OPINION: To the rescue — The schools we need now are community schools
When America’s schools shut down in mid-March as a result of Covid-19 and transitioned to some form of remote learning, the nation’s community schools responded rapidly. That’s because these schools already had strong existing relationships with providers of community resources, both public and private.
At least 8,000 American public schools identify as community schools, meaning that they work in well-planned partnerships with local organizations that offer resources like medical, dental and mental health services; before- and after-school programs; and housing and employment assistance to parents. These partners are integrated into the life of the school, both through formal mechanisms and through informal day-to-day contact, which means they can get the right services to the right students at the right time.
City Connects, an organization that integrates student support services in more than 150 urban schools, saw the coronavirus pandemic highlight its value.
“Having a systemic and systematic strategy for supporting every student made a huge difference when Covid closed the curtain,” said Mary Walsh, executive director of City Connects, an organization based at Boston College. “We were able to avoid ‘random acts of student support’ and to ensure that every student had their needs met and their strengths supported.”
School leaders who might want to pursue this strategy in the wake of the pandemic should know that the shift to community schooling cannot happen overnight, but there are models to emulate and people who can help. For example, the nonprofit organization Children’s Aid partners with 19 local public schools in New York City and operates the National Center for Community Schools. Its seasoned staff assists schools and districts in other areas to adapt the community school strategy to their specific local contexts.

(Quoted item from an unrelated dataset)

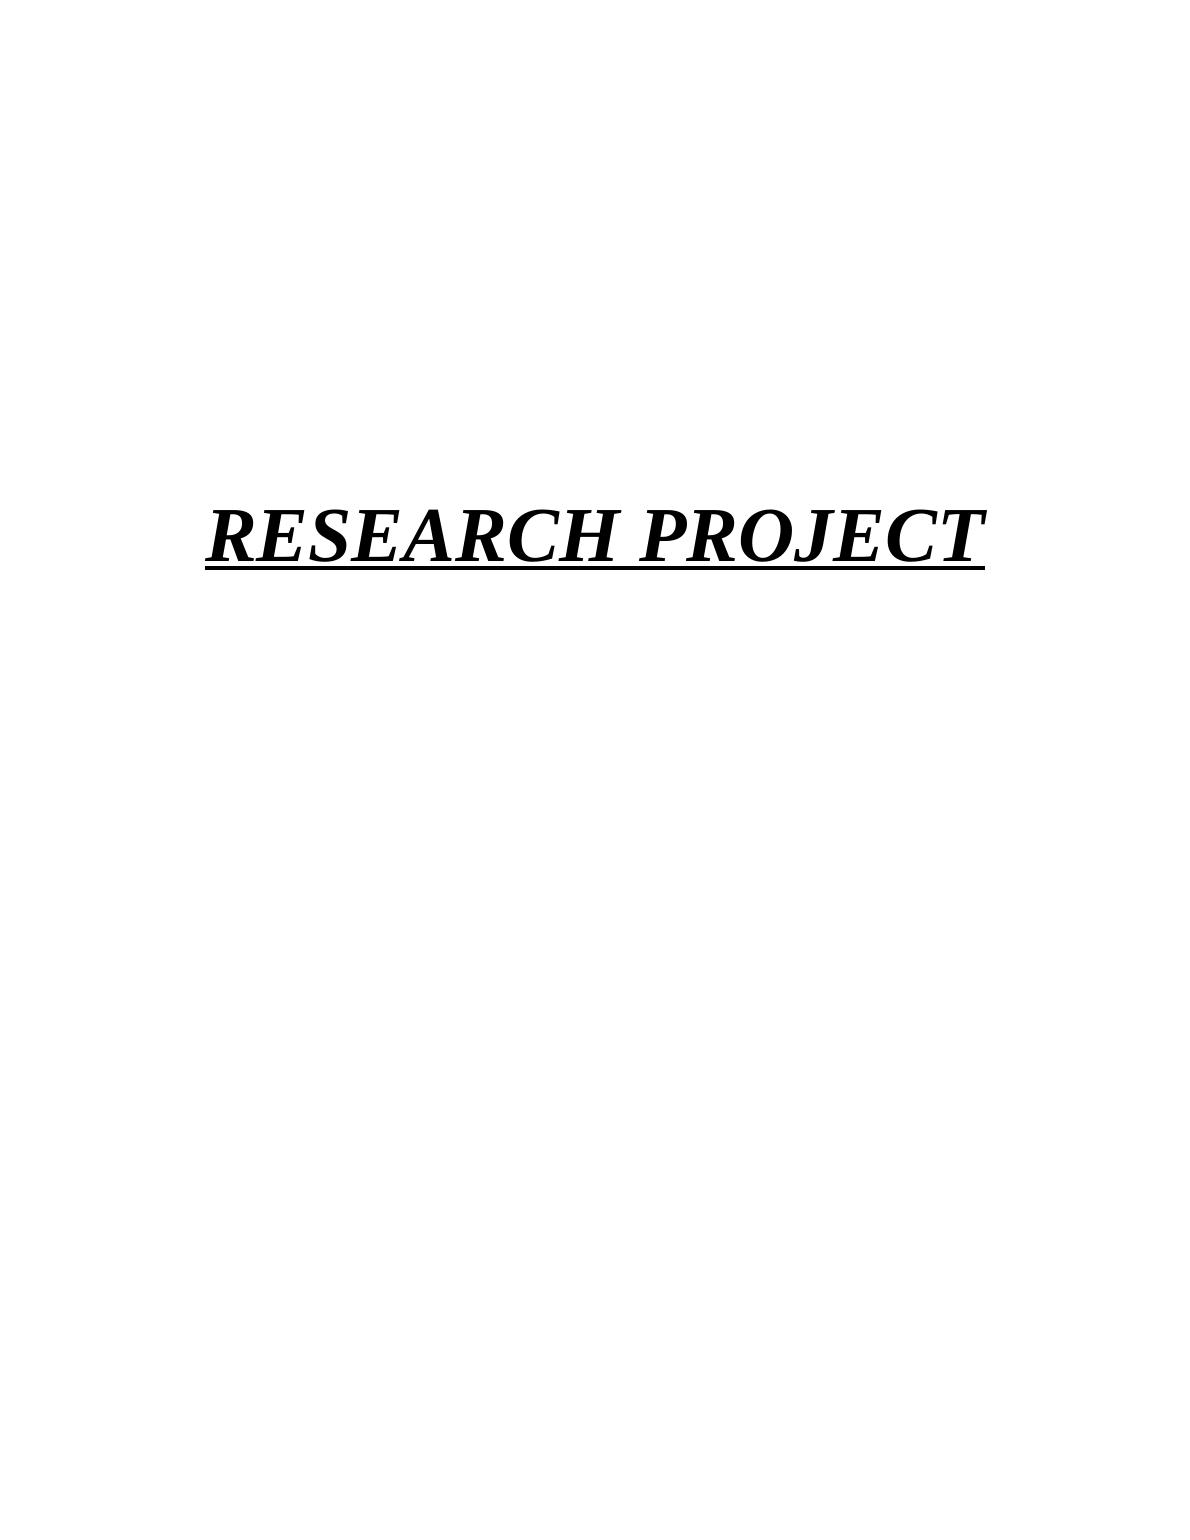 Quality Management Research Project_1

And researchers have reached consensus on the common features found in different types of successful community schools: integrated student supports; expanded learning time and opportunities; family and community engagement; and collaborative leadership and practice.

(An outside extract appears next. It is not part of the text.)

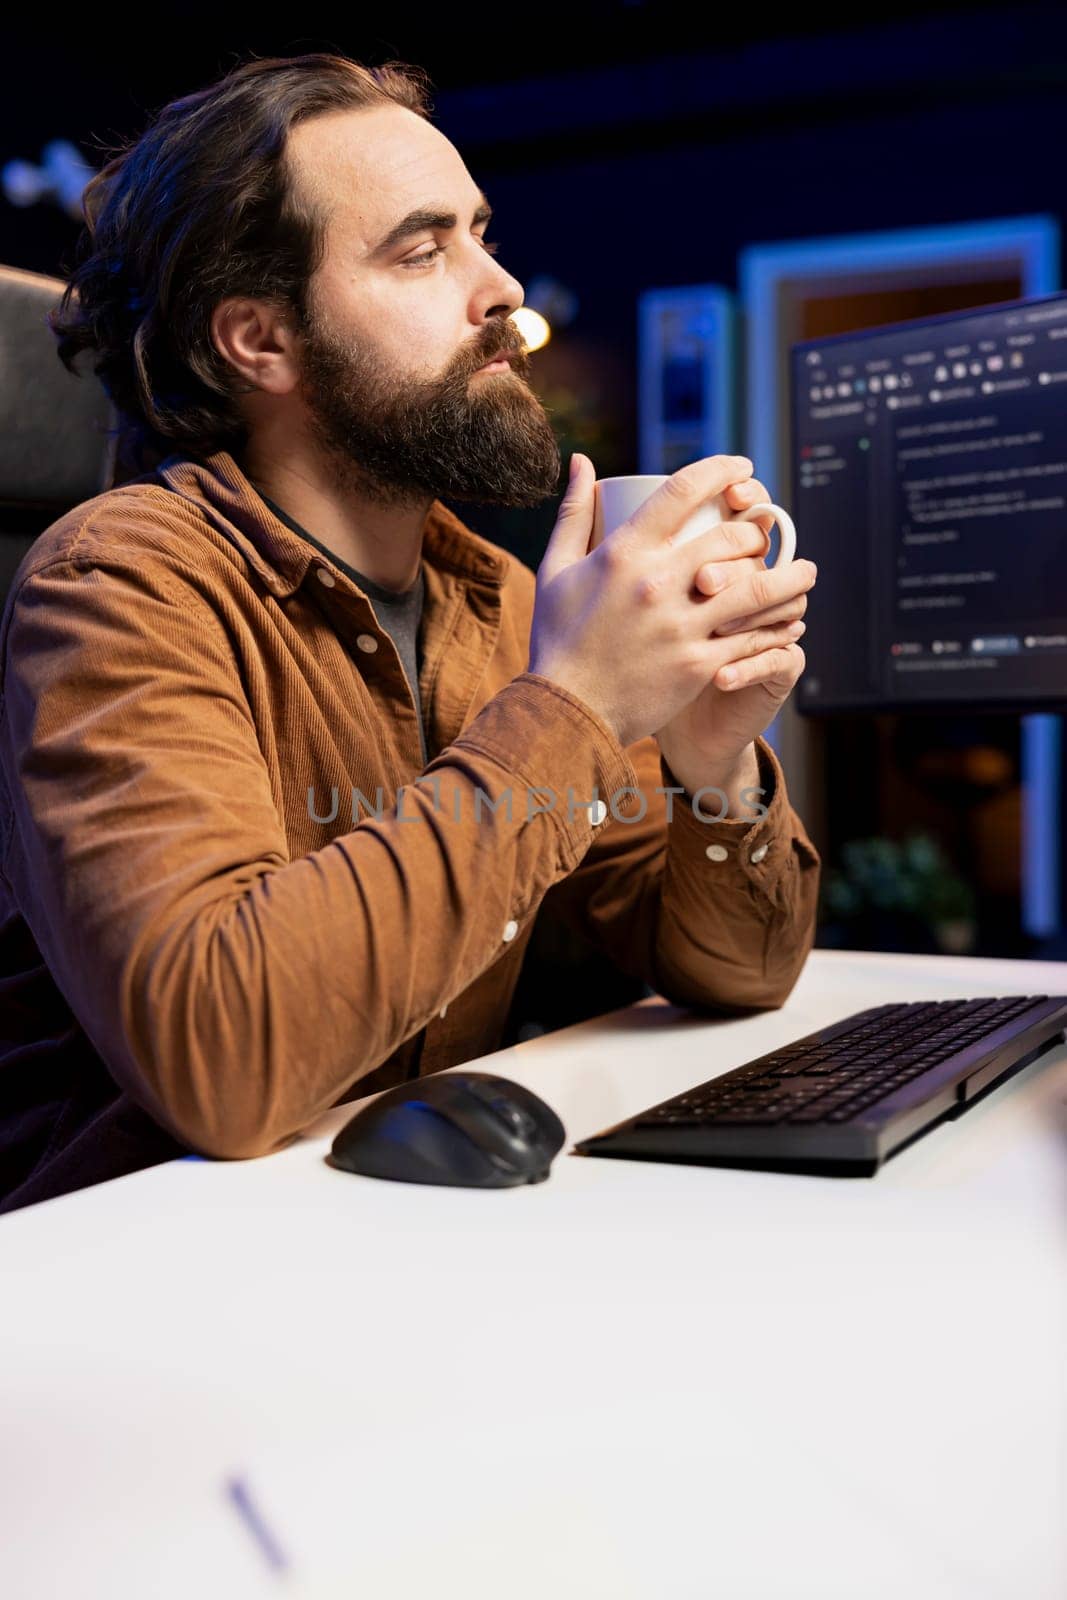 Programmer drinking coffee and writing lines of code filtering malicious traffic from cybercriminals attempting to steal company data. IT professional enjoying hot beverage, preventing malware

“We were able to avoid ‘random acts of student support’ and to ensure that every student had their needs met and their strengths supported.”
Mary Walsh, executive director, City Connects
This consensus can help other district leaders who have come to understand — through the crisis caused by the current pandemic — that they cannot, by themselves, respond to all the needs of their students and families. They require partners who can bring skills and knowledge to address food insecurity, health and mental health crises, child care needs, technology access problems and housing issues. Community schools across the country have been able to marshal resources because they’ve put partnerships in place that provide a quick response to current realities.
In Cincinnati, where the community school initiative now involves all 65 of the city’s public schools, many have created new ways to adapt their delivery systems to the needs of children and families during Covid. For example, Darlene Kamine, executive director of the Cincinnati Community Learning Center Institute — the lead agency in half a dozen of the Cincinnati sites — said, “Basically, we migrated our six Community Learning Center Institute schools to a virtual universe, with a website for each of our sites, to ensure ongoing access to all of the services, from teletherapy and telemedicine to critical legal services through our Immigrant and Refugee Law Center and ongoing early childhood education.”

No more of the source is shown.